POLL: Both Political Parties Have Major Perception Problems

independentsFULL DISCLOSURE: I am a raging independent.

I don’t recall ever claiming a political party as my own because I enjoy a little investigation prior to important decisions. That’s not to say that some folks aligned with the Democratic or Republican parties do not use their brains during elections and moments of heated discussion, but it’s clear that many prefer perusing marketing collateral, the digital rumor mill, and vitriolic punditry over personal research when choosing the candidate who will win their vote.
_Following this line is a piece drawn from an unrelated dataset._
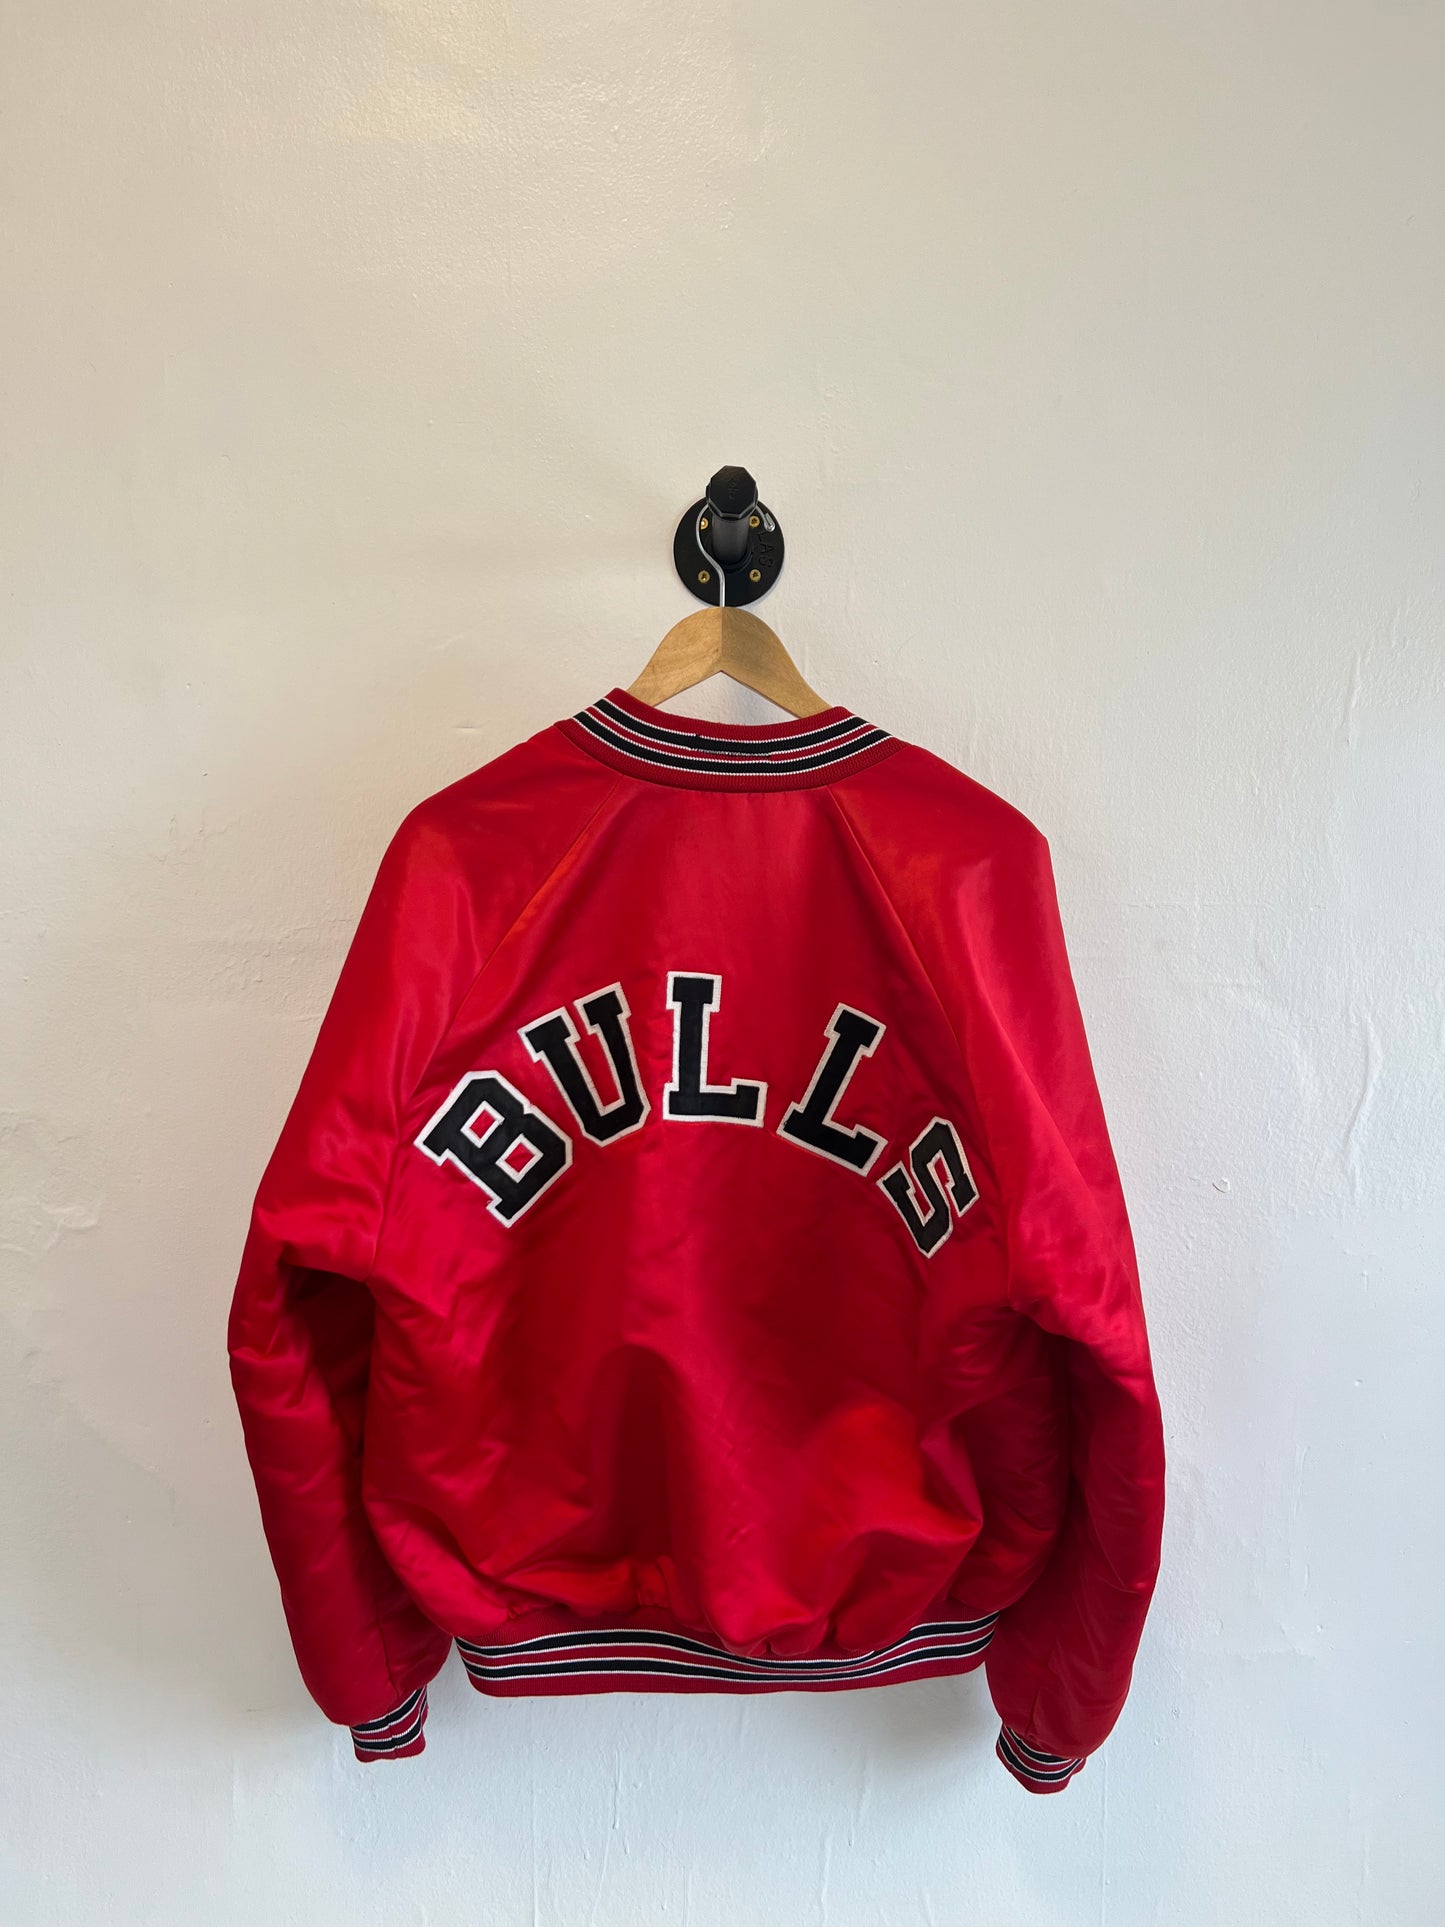 Vintage Bulls Bomber Jacket
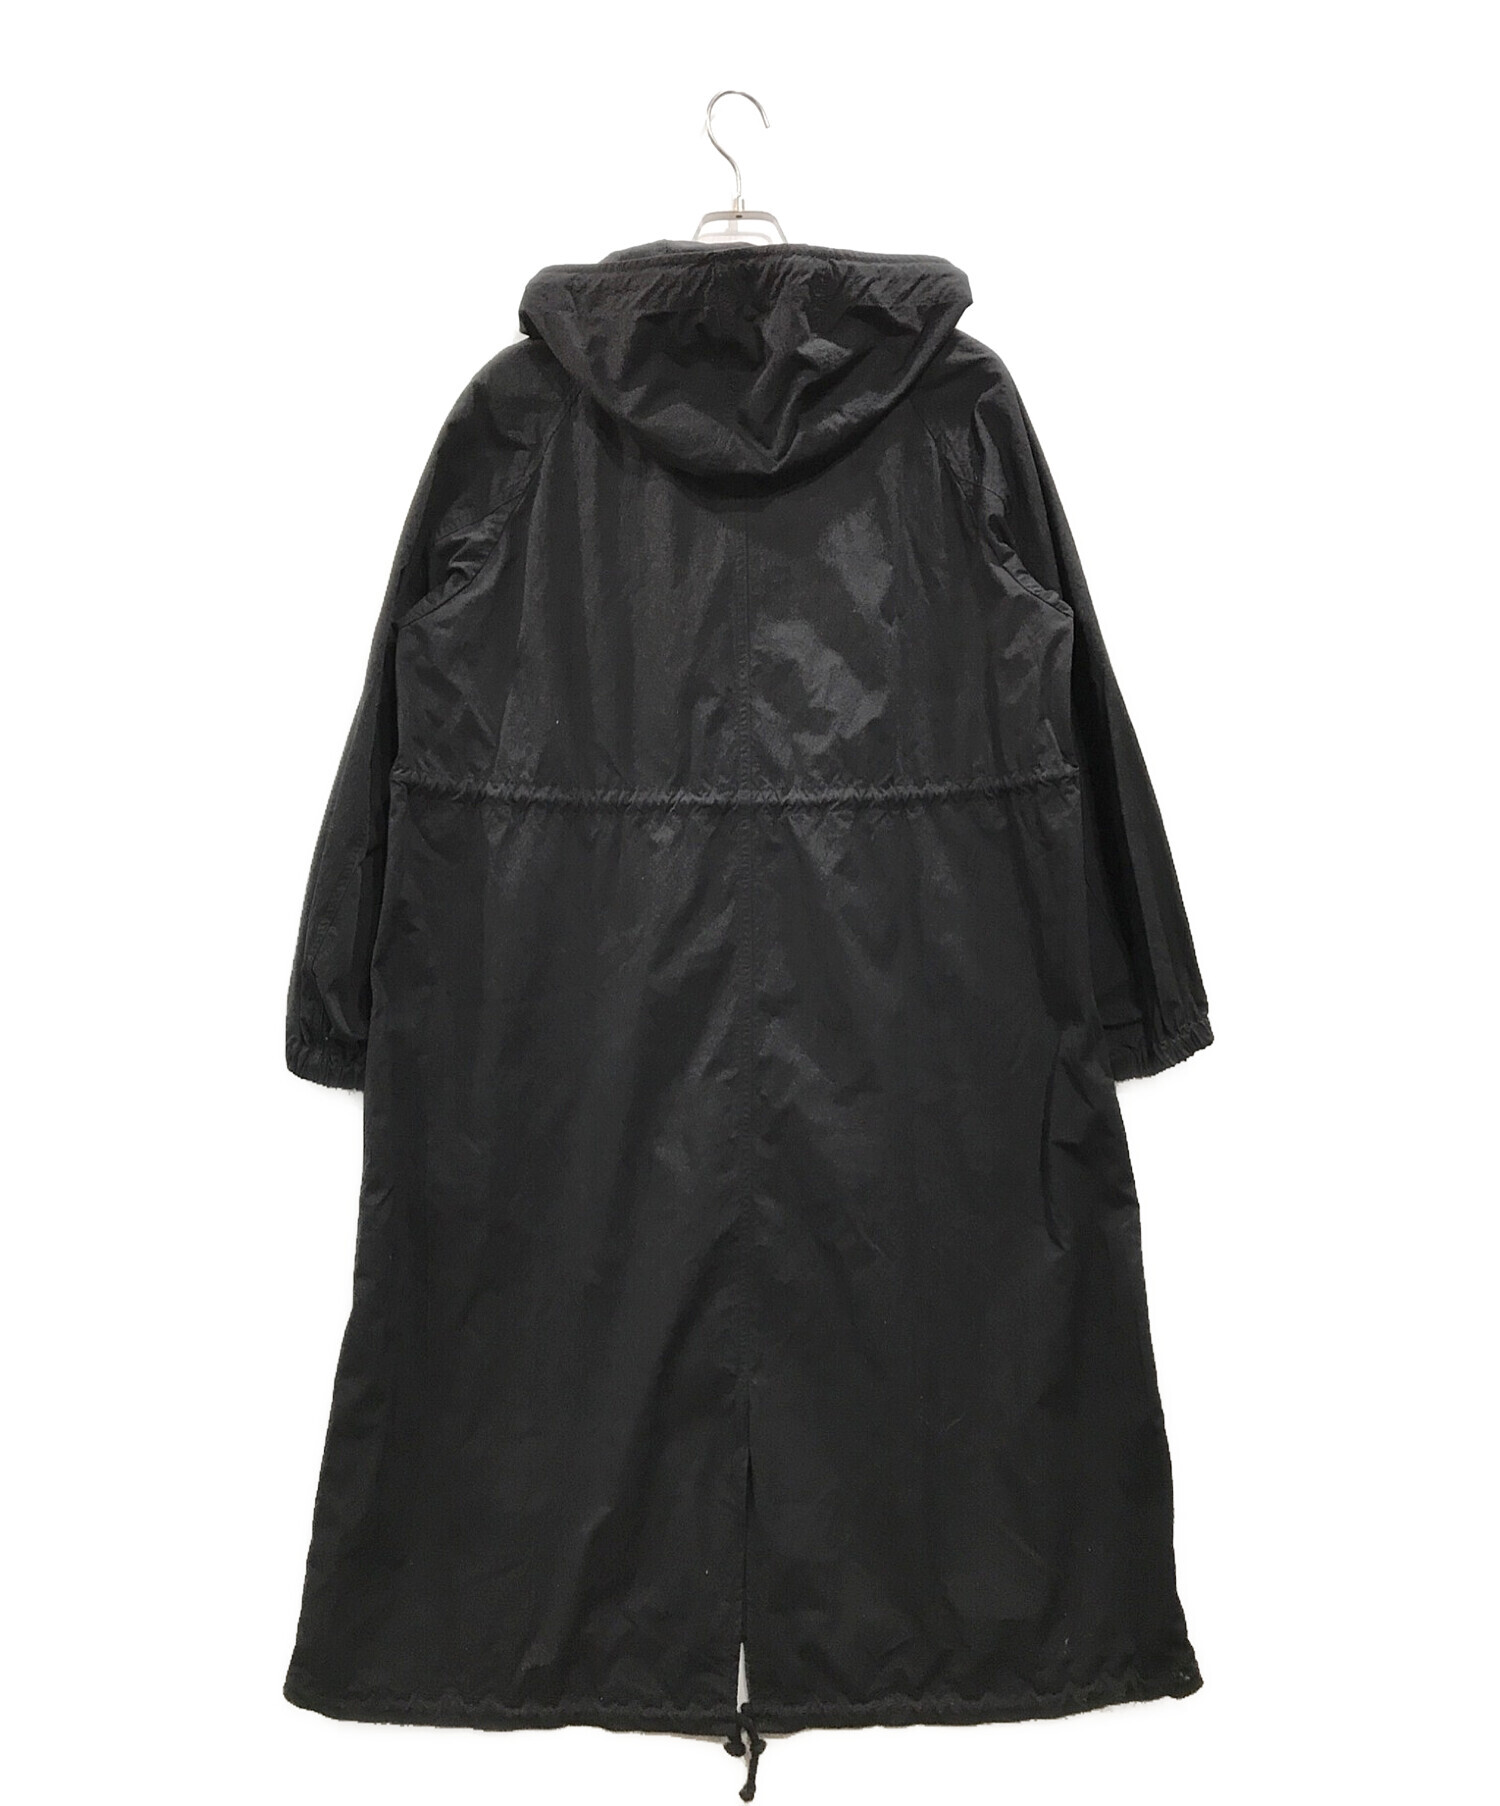 Ron Herman (ロンハーマン) Washer Mods Coat ブラック サイズ:S

As Congress continues to hit all-time approval lows — as dismal as 9 percent in 2013 — Gallup shows that record numbers of Americans are leaving both sides of the aisle and just heading for the rafters with the rest of us used-to-be-cool kids.

Based on Gallup’s most recent release, 42% of Americans identified as political independents in 2013, the highest number since Gallup began conducting interviews by telephone 25 years ago.

In that same timeframe, Republican identification fell to 25% and Democratic identification is unchanged from the last four years at 31%. The results are based on more than 18,000 interviews with Americans from 13 separate Gallup multiple-day polls conducted in 2013.

gallup poll

Americans’ increasing shift to independent status has come more at the expense of the Republican Party than the Democratic Party. Republican identification peaked at 34% in 2004, the year George W. Bush won a second term in office.

Since then, it has fallen nine percentage points, with most of that decline coming during Bush’s troubled second term. When he left office, Republican identification was down to 28%. It has declined or stagnated since then, improving only slightly to 29% in 2010, the year Republicans “shellacked” Democrats in the midterm elections.

Network pundits and politico chairs alike can try to spin this until they’re dizzy if they so desire, but numbers are agnostic. They don’t care to lie. We read them and sometimes weep.

Will this trend continue? Will more and more Americans continue to say “a pox on both your houses” while still choosing to vote for one or the other because really, what choice to do we have?